[Start of Attachment]

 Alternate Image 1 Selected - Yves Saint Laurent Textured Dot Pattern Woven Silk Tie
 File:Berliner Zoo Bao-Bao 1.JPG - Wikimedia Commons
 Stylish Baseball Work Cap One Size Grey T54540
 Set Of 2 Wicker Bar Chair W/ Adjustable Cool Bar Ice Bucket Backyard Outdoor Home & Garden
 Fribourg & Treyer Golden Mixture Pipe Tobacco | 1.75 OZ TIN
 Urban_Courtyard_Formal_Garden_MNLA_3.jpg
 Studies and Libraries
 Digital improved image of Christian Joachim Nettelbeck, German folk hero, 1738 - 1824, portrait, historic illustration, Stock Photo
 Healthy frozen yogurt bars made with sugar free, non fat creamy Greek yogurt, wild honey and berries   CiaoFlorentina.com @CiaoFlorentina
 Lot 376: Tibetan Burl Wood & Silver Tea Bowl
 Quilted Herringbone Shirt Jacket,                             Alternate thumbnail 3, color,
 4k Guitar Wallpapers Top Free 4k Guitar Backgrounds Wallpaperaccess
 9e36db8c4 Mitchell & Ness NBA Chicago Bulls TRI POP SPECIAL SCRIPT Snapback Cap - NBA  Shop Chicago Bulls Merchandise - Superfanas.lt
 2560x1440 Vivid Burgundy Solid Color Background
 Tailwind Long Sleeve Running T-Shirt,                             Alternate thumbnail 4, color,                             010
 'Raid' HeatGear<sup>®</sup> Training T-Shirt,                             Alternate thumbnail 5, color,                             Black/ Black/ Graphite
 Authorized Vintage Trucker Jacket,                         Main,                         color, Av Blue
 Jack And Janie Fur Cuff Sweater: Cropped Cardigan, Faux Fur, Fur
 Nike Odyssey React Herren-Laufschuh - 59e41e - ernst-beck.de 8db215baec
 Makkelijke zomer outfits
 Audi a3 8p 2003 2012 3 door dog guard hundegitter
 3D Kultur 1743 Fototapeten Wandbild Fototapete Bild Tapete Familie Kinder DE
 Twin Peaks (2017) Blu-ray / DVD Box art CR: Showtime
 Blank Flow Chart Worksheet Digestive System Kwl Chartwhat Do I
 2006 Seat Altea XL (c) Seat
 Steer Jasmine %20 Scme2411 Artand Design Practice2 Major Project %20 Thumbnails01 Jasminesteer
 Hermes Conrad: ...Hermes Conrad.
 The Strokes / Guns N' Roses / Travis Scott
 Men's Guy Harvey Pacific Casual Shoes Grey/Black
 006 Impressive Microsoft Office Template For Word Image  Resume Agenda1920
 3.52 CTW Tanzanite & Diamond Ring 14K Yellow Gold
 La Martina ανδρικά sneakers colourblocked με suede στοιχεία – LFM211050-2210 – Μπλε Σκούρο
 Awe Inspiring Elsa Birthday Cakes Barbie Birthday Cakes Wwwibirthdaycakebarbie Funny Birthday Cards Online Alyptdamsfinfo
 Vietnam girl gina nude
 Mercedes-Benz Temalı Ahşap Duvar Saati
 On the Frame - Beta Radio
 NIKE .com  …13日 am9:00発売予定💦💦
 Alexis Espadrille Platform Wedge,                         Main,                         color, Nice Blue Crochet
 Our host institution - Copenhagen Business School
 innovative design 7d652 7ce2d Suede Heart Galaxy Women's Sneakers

[End of Attachment]

To do. Look through the records above for the string "Jacket", then copy every line that has it.

Output below.
 Quilted Herringbone Shirt Jacket,                             Alternate thumbnail 3, color,
 Authorized Vintage Trucker Jacket,                         Main,                         color, Av Blue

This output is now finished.